Anyway, I just checked out a very short section of Paris Plages last Sunday morning before the crowds arrived.
One of the sponsors this year operates a major amusement park in the suburbs.
I will try to return on another day, but frankly the part of Paris Plages along the Seine is not at all the most interesting. I decided to go take a look at the other section at the Bassin de la Villette in the afternoon.
The same afternoon, I went to the Bassin de la Villette, which is so much more lively. You can see that even before you arrive. This first group of people are waiting to take the seasonal ferry to Pantin, Bobigny and Aulnay-sous-Bois. It costs 1€. 2€ on Sunday. I absolutely must remember to take this before it ends at the end of August.
Here is one of the boats arriving for the next trip.
One of the attractions of this section of Paris Plages is that people actually get to go on the water, unlike the Seine.
Plenty of people were just relaxing.
One frenzied area had a multitude of baby-foot tables. The Belgians call this game kicker and have the greatest number of world champions, though. Americans call it fussball for some reason, even though the official name is table football. Even though it was invented simultaneously in France and Germany around 1890, a clever Englishman thought to patent it in 1923. That is your cultural information for today. In any case, it is a pleasure to see that a manual non-electronic game is still so attractive to so many people.
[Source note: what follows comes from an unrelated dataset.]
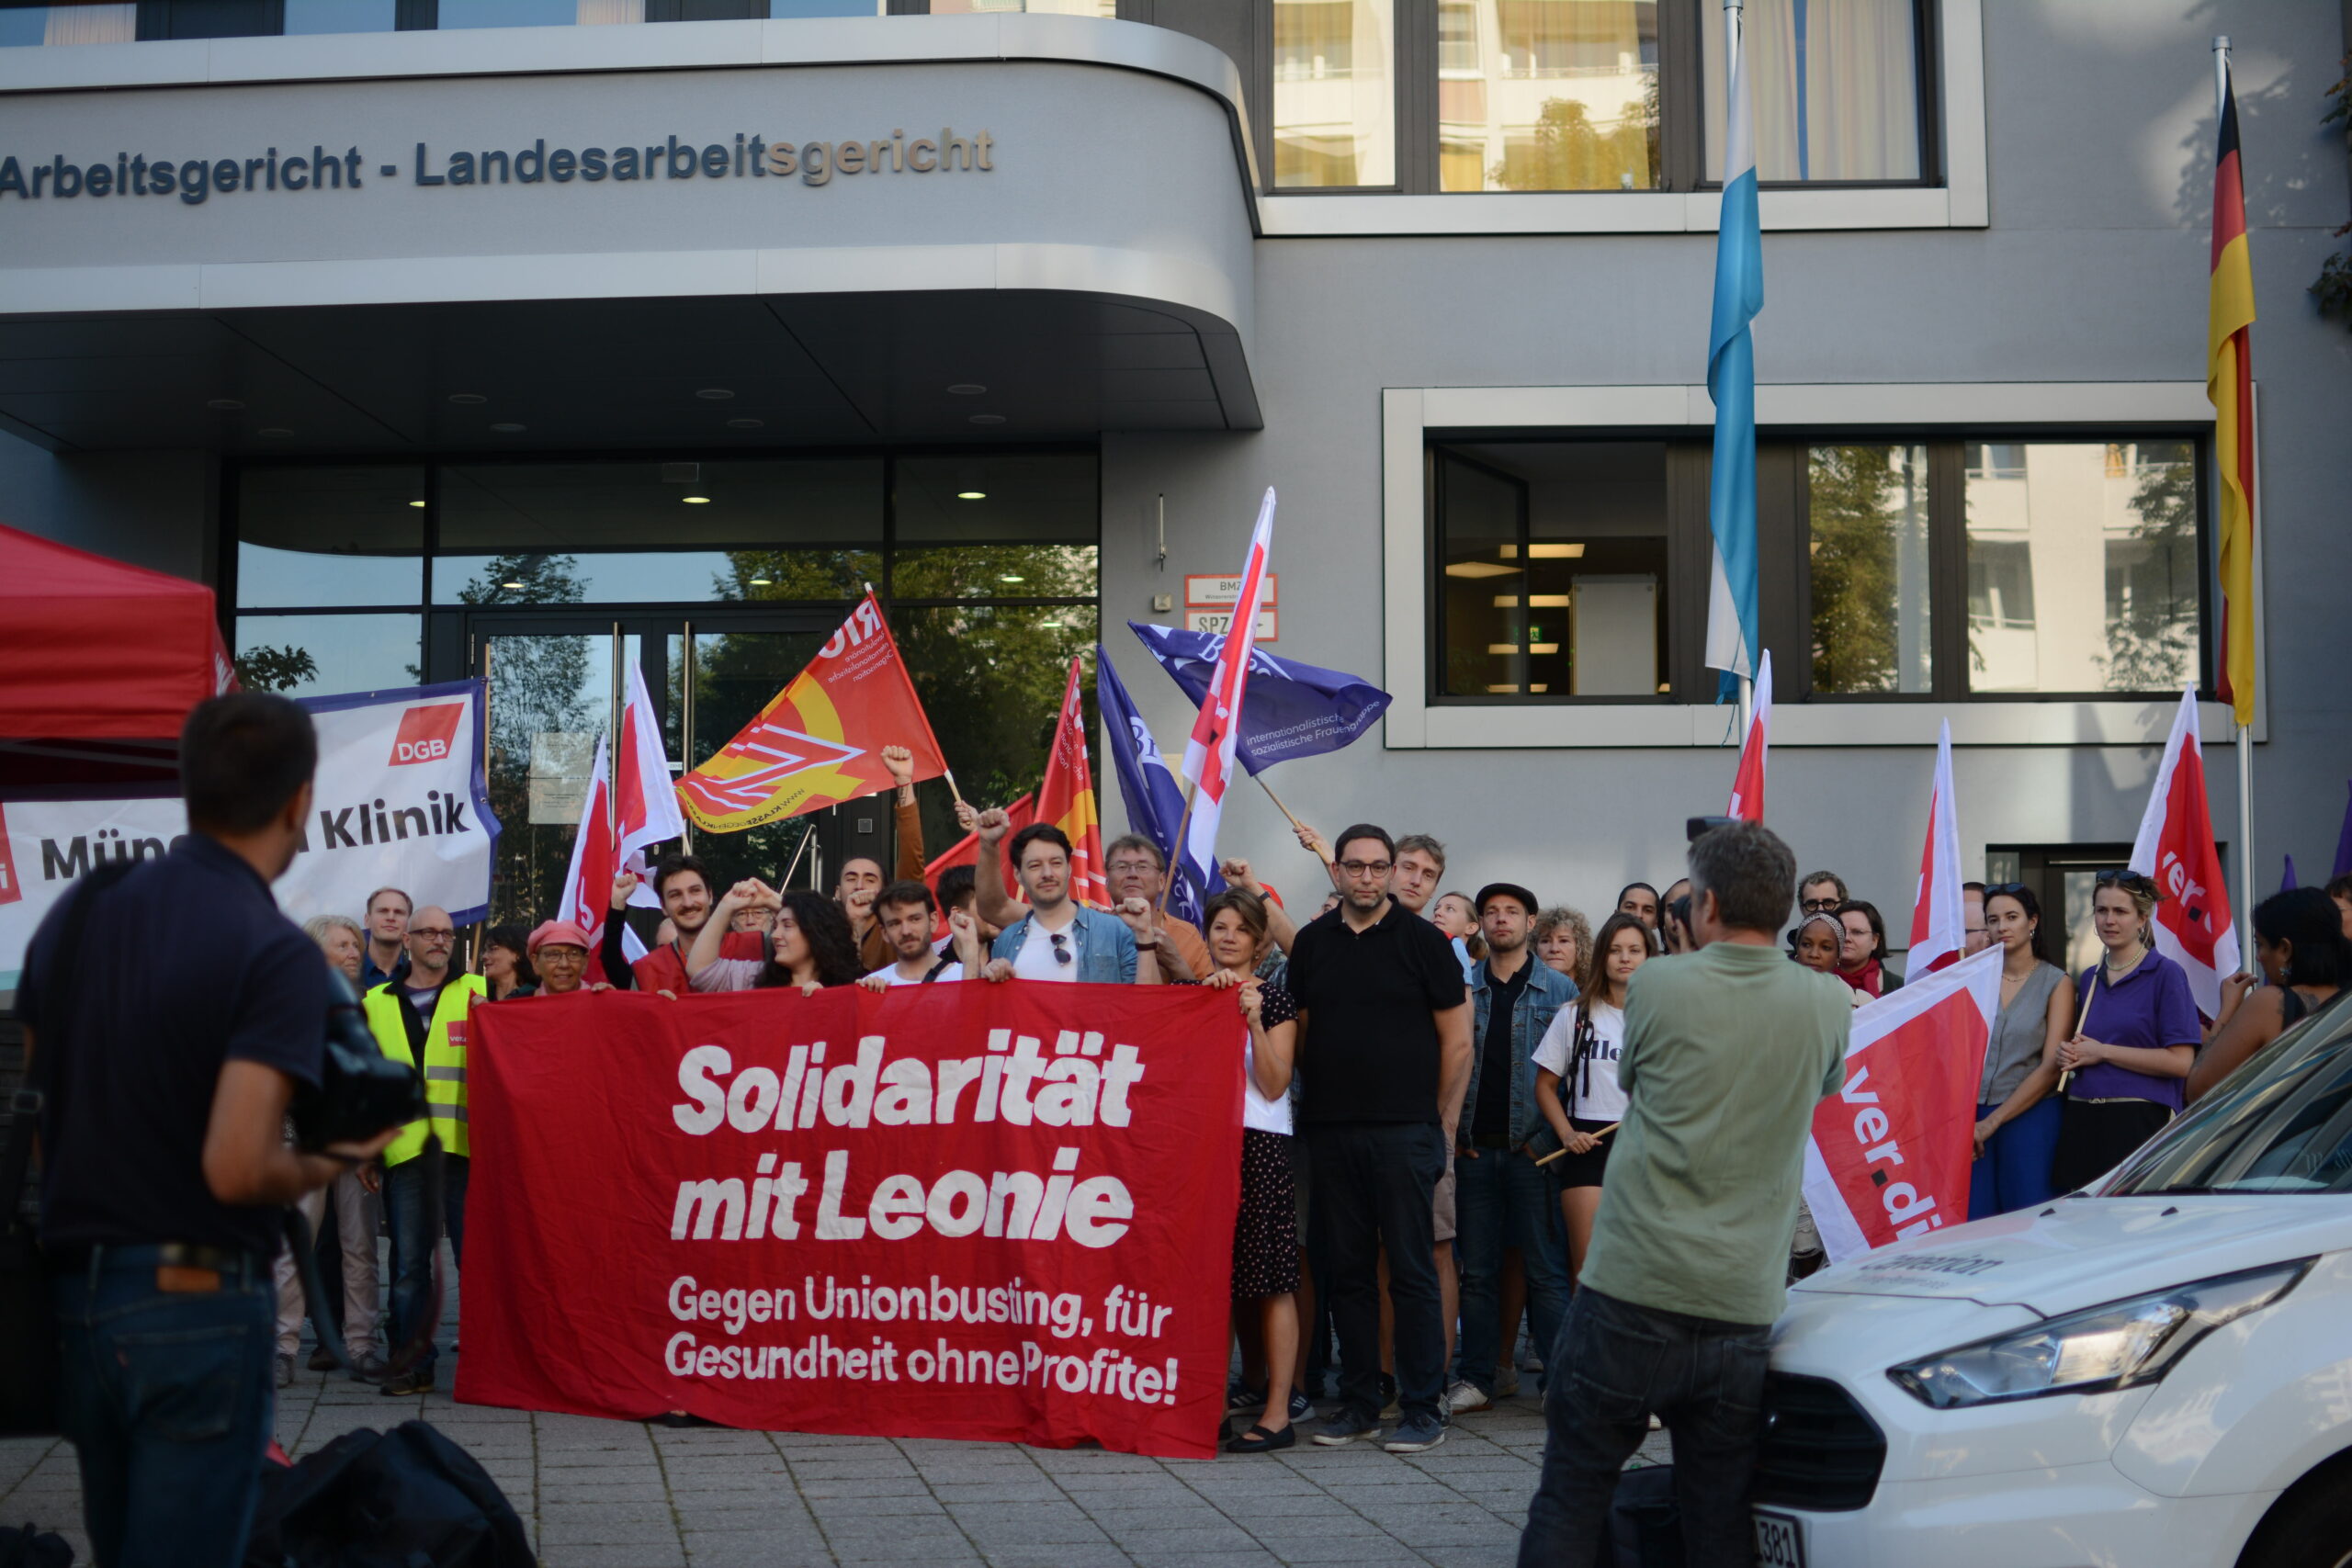 München: Kundgebung gegen Union Busting – viel Solidarität für Leonie

There were also big zones for pétanque.
This is all a cover-up, though. Today I am going to reveal to you what Parisians really do when they know that there are no tourists watching. Believe me, you will never see this in front of Notre Dame, under the Eiffel Tower, or in the courtyard of the Louvre. I forbid anyone who ever sees this video from ever mentioning it to anybody.
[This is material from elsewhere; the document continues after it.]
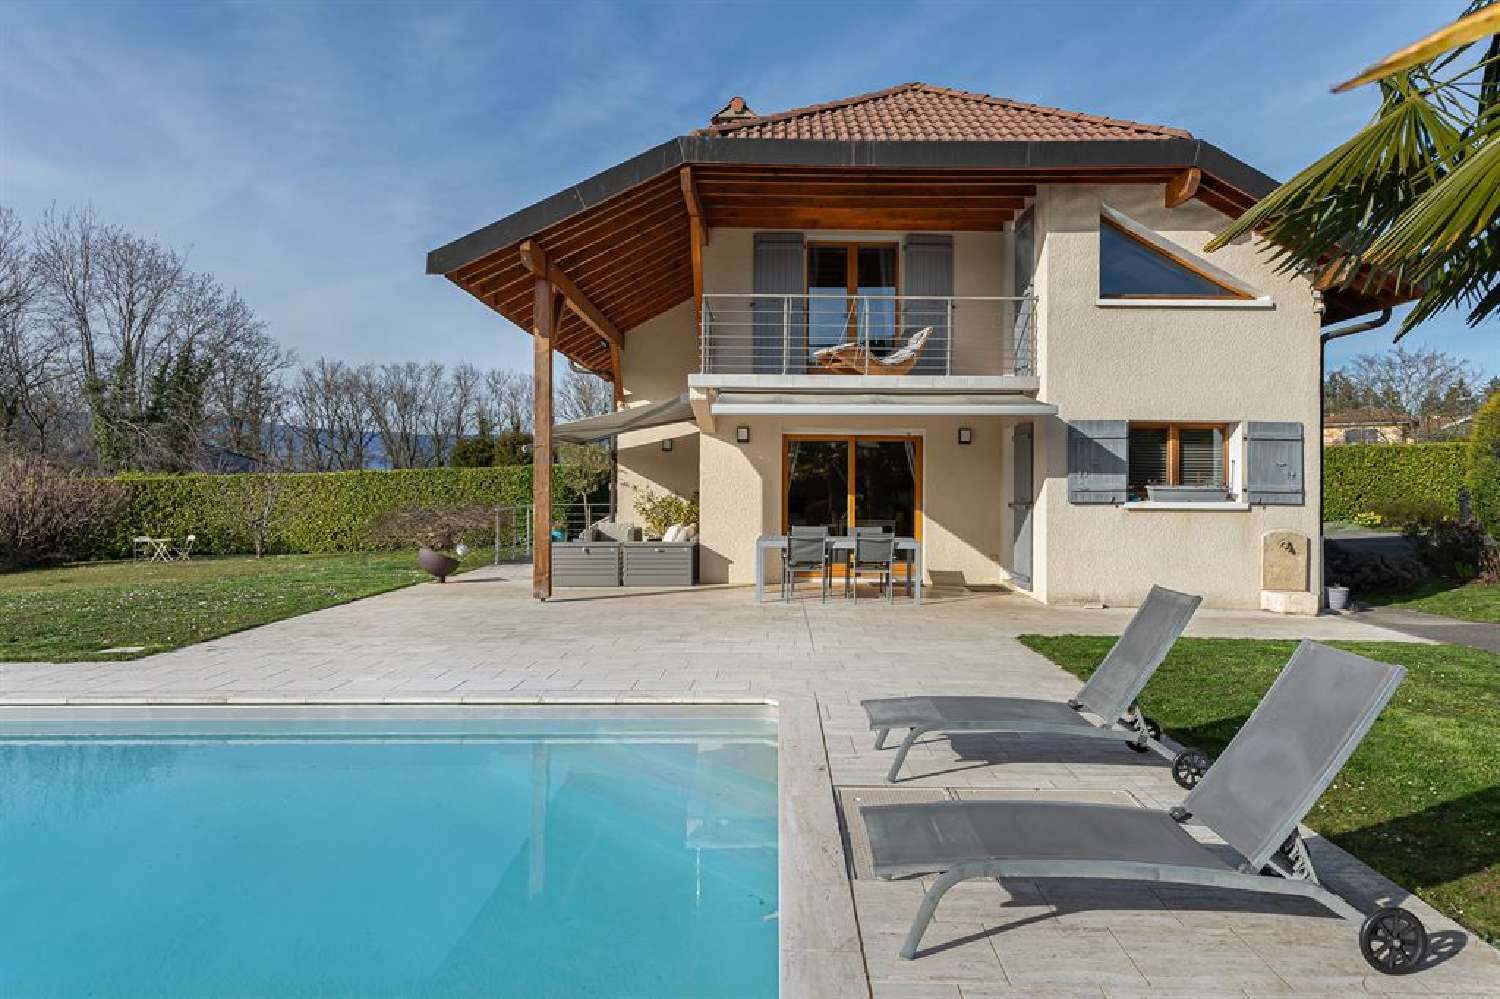  à vendre villa Messery Haute-Savoie 2

July 31st was the first significantly warm day in a long time, so the children were delighted to play under the mist sprayers.
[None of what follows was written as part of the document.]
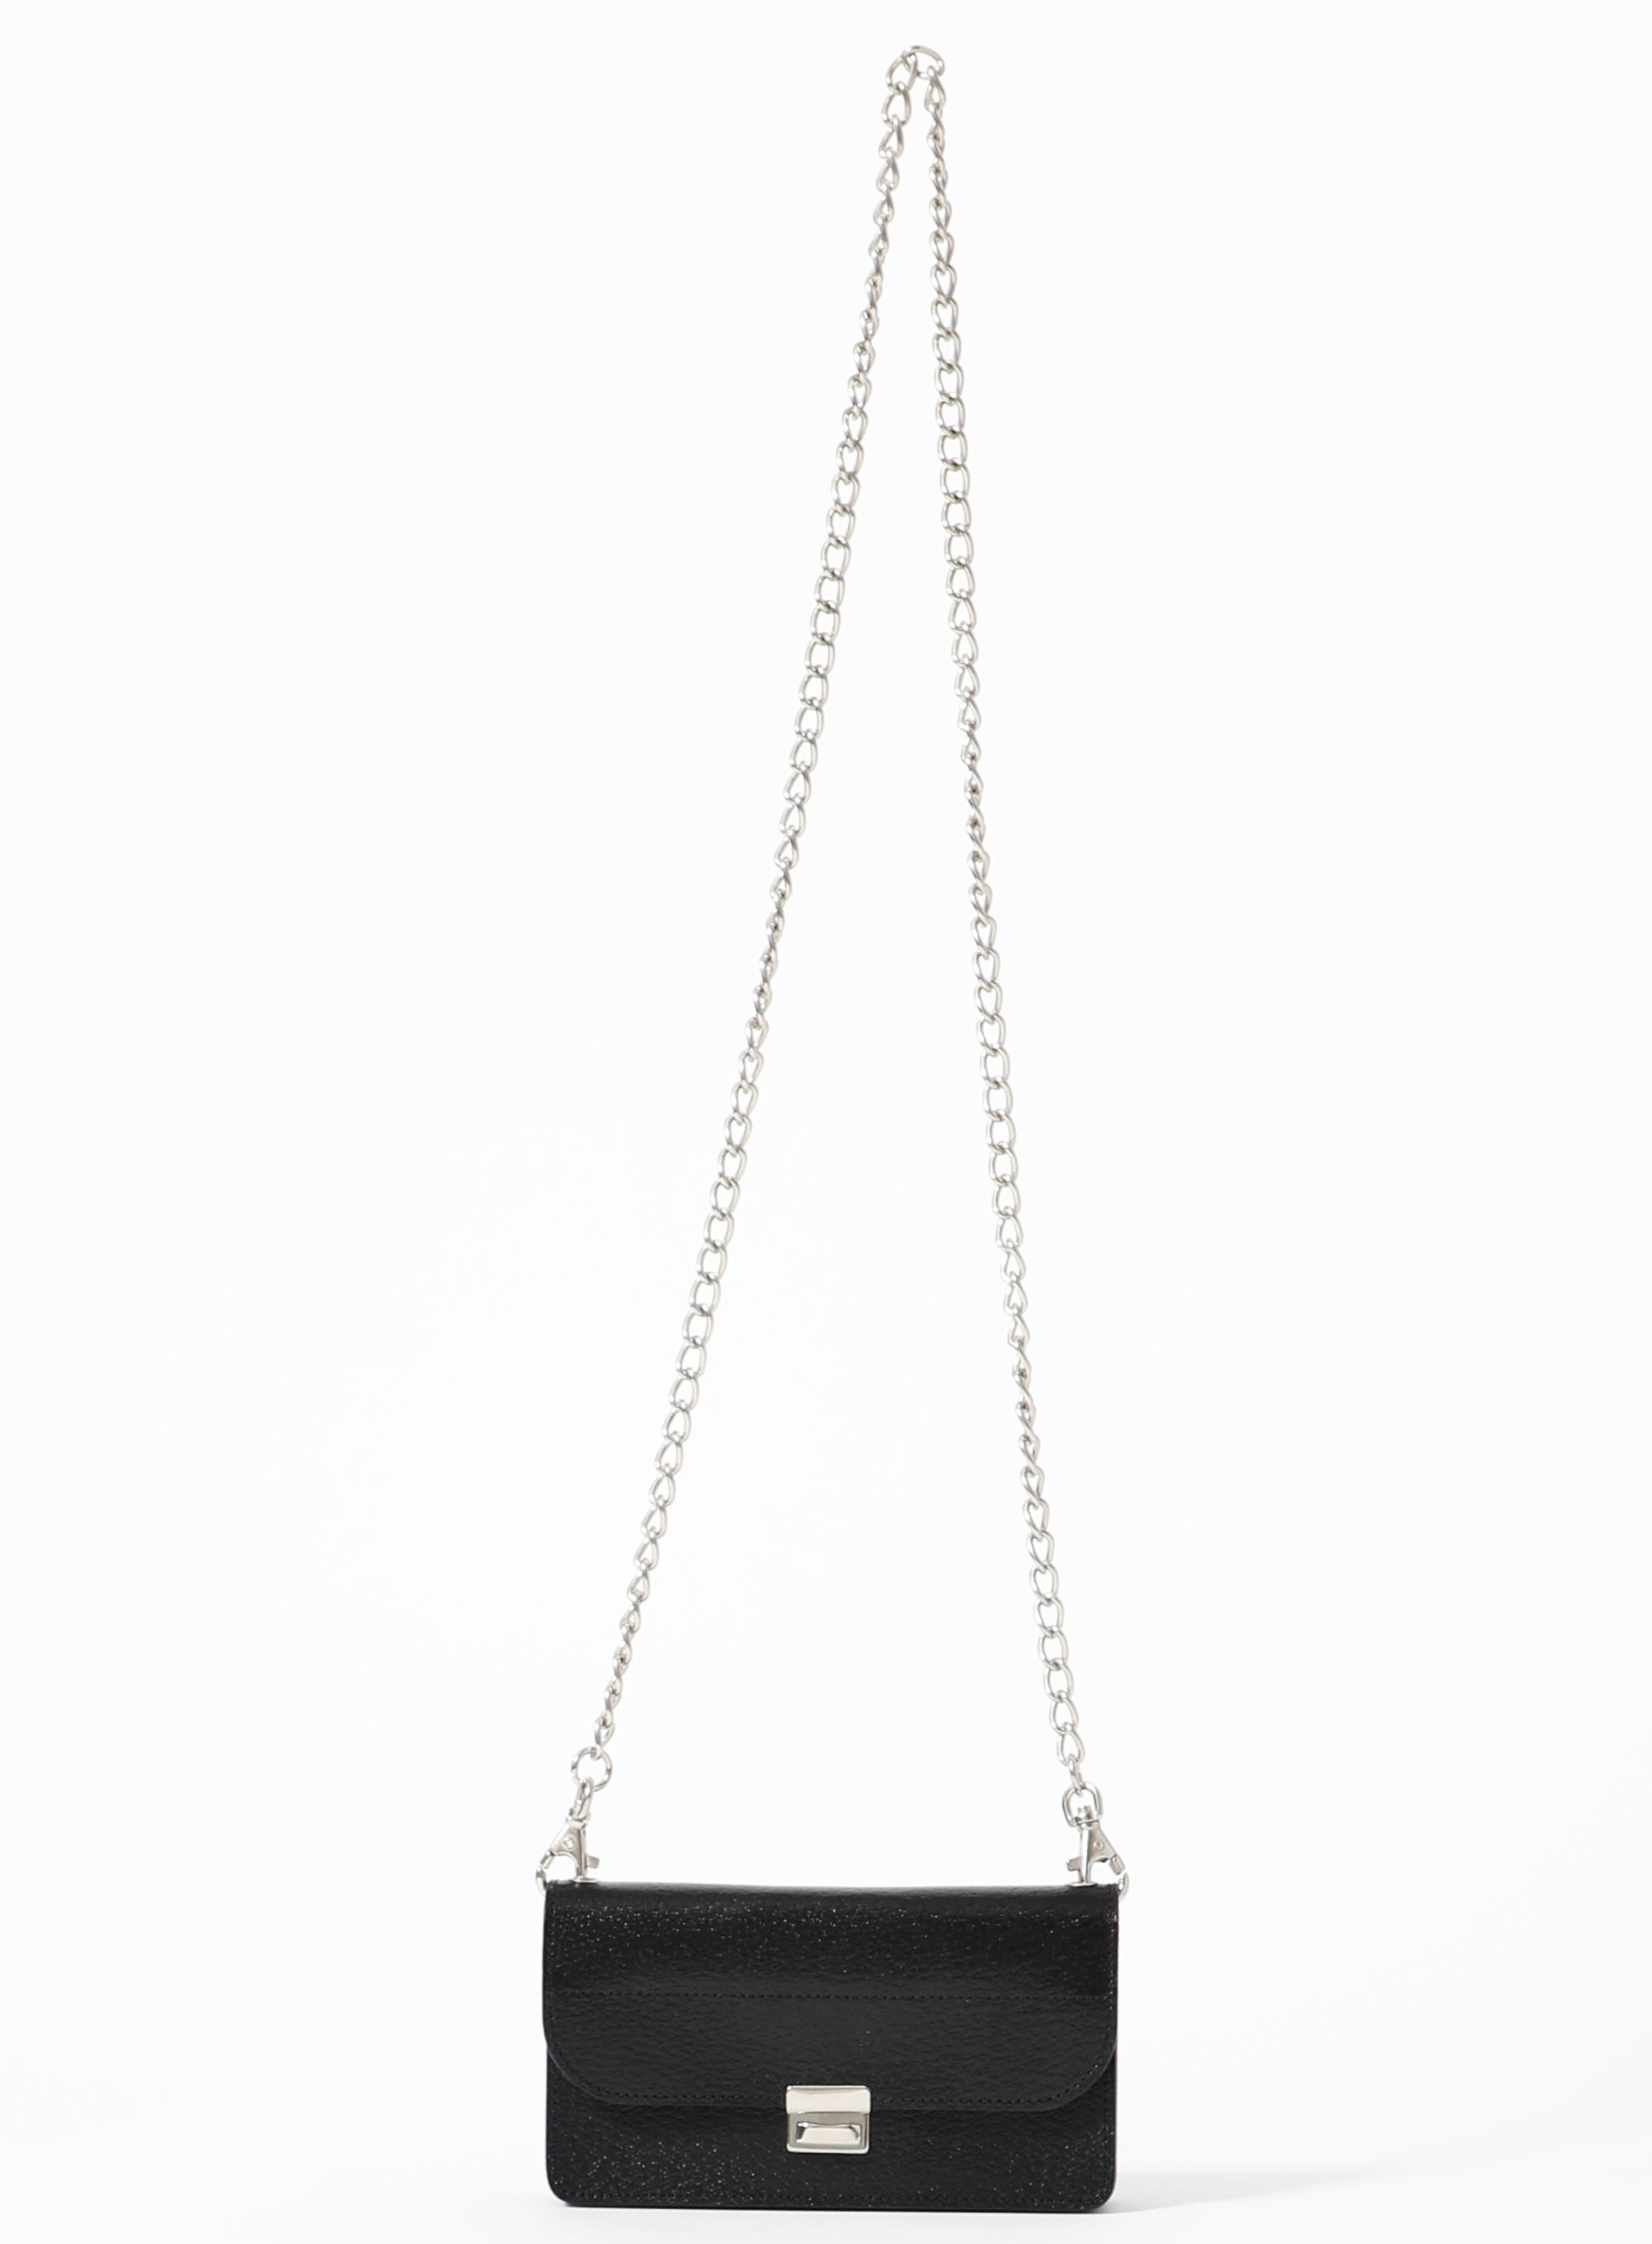 Brand New -Hermes Mini Constance 18 shoulder bag in bleu royal

In case you are wondering where the little pink children are, well many of them are more fortunate than the Parisians who get left behind. Some of them are in St. Tropez or the Costa Brava, or maybe with their grandparents in Normandy. In fact that is the whole point of Paris Plages, which is not a tourist operation at all. It is to provide a free holiday atmosphere for families that do not have the means to go anywhere out of the city.
Of course, everybody is welcome, but it is really essential for mothers with 4 or 5 kids to entertain until school starts again.
Oh, there are a few tourists anyway -- the very nice Holiday Inn Express is right here.
Just in case you want to eat right on the water in Paris... restaurants on both sides.
But just relaxing with your favorite activity is great, too.
Okay, back to the Seine for a bit to show that it can be pleasant to hang out there in the evening.
But first I would like to show a totally non scenic bit (near Gare de Lyon) but which interests people anyway -- the road tunnels. It is really strange to walk in a road tunnel where no one was ever meant to be on foot. One great thing about them is for people who are afraid to ride bicycles in traffic.
One interesting little thing that you can see in the tunnel are all of the mooring rings as you walk along. The Seine does not flood every year, but it does flood regularly, so places like this tunnel go underwater. The mooring rings are probably very useful for the maintenance crews every 3 or 4 years.
Sitting along the Seine at dusk is a lovely experience, touristy or not. Nobody will ever deny that.
The little café-restaurants that have been set up are a delight. I don't know if the food is worth it or not, but I doubt that most people go away disappointed from the experience.
I crossed over to Ile Saint Louis as darkness settled, and it looked even nicer from across the water.